Wednesday, August 8, 2012
Put It In a Box & Wait
You know your Mama's obsession with words. I have written ... however many blog posts from the very heart of my hearts. And in this season of life, when you've got your barrel pointed at five and increasingly remind me I am raising a girl-child-human and not a drooly baby pet, I am devouring words with a fervor. I have quoted lots of my favorites on this blog, both mainstream and notsomuch. I have another excerpt for you, sweet girl, from a book called Tiny Beautiful Things, written by Cheryl Strayed. This book, combined with The Lover's Dictionary by David Levithan are my favorites of 2012. You do know when you graduate from high school I am going to give you an armoire of books, right, and not a cute sports car? You'll thank me some day. Back to Cheryl:
Part Five: Put It In a Box And Wait
You give a lot of advice about what to do. Do you have any advice about what not to do?

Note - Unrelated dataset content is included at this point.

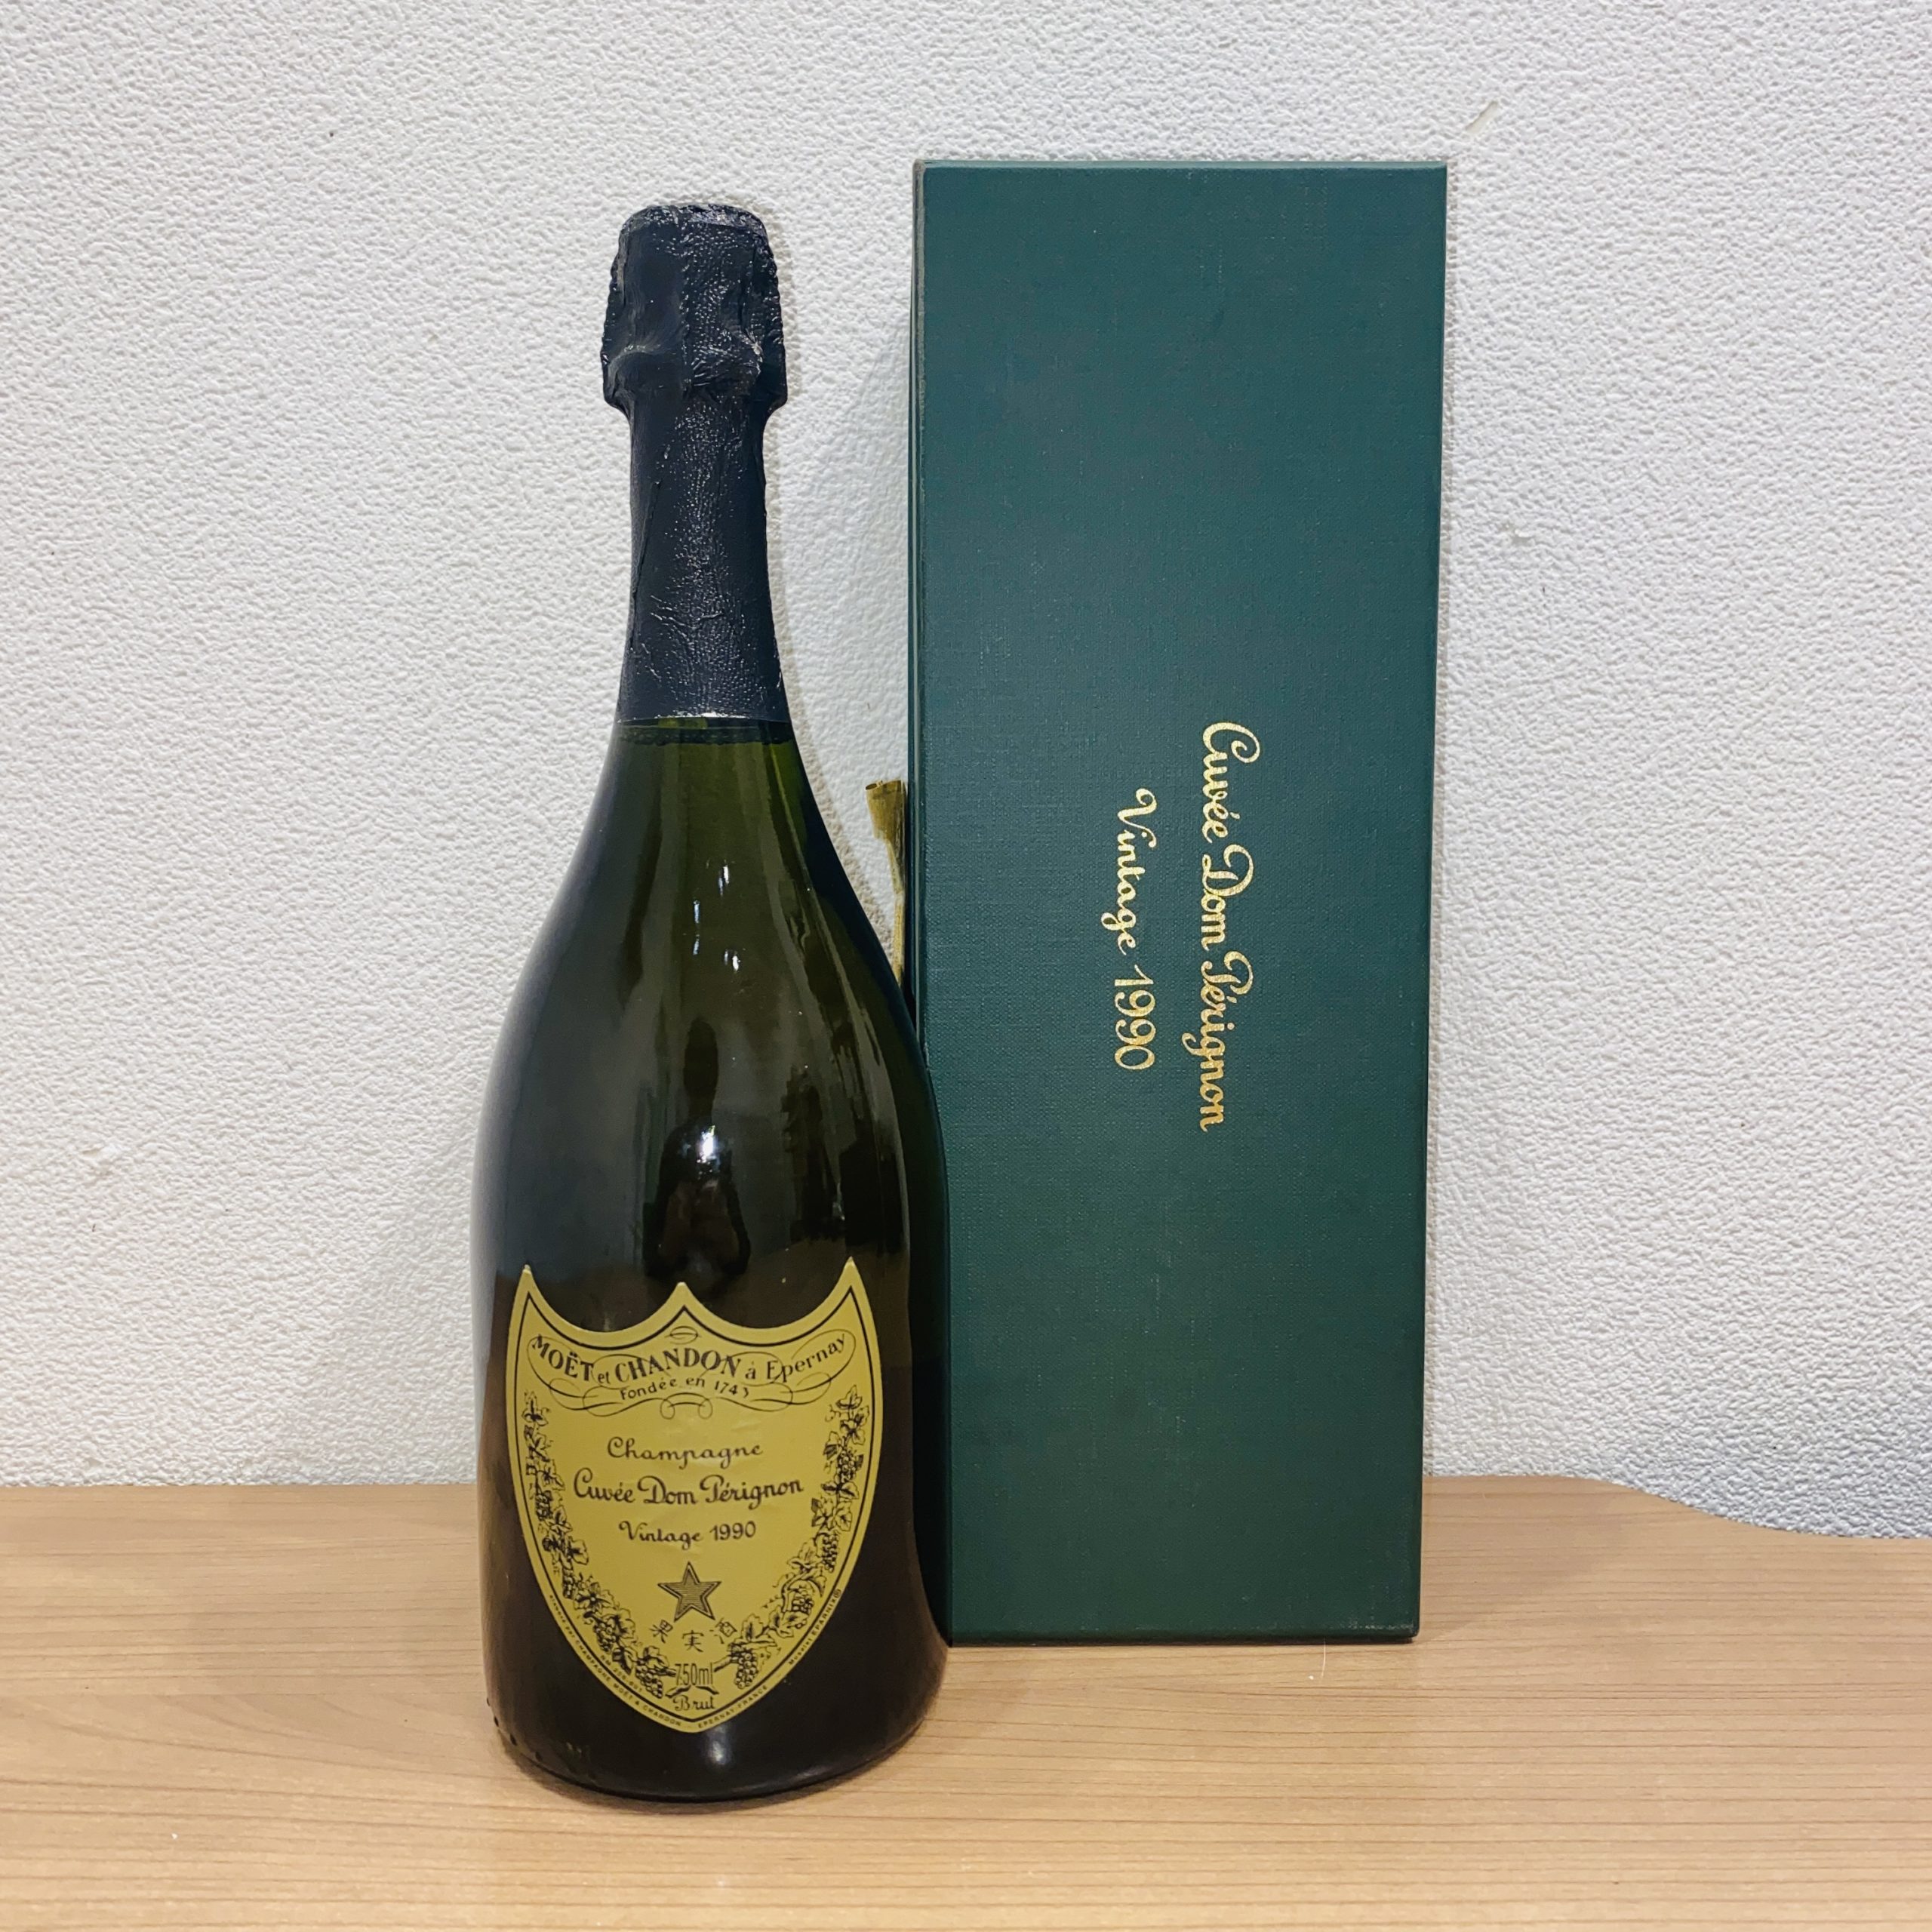 【Dom Perignon/ドンペリニヨン】Brut/ブリュット Vintage/ヴィンテージ 1990 シャンパン 750ml 12%

Don't do what you know on a gut level to be the wrong thing to do. Don't stay when you know you should go or go when you know you should stay. Don't fight when you should hold steady or hold steady when you should fight. Don't focus on the short-term fun instead of the long-term fallout. Don't surrender all your joy for an idea you used to have about yourself that isn't true anymore. Don't seek joy at all costs. I know it's hard to know what to do when you have conflicting set of emotions and desires, but it's not as hard as we pretend it is. Saying it's hard is ultimately a justification to do whatever seems like the easiest thing to do- have the affair, stay at that horrible job, end a friendship over a slight, keep loving someone who treats you terribly. I don't think there's a single dumbass thing I've done in my adult life that I didn't know was a dumbass thing to do while I was doing it. Even when I justified it to myself- as I did every damn time- the truest part of me knew I was doing the wrong thing. Always. As the years pass, I'm learning how to better trust my gut and not do the wrong thing, but every so often I get a harsh reminder that I've still got work to do.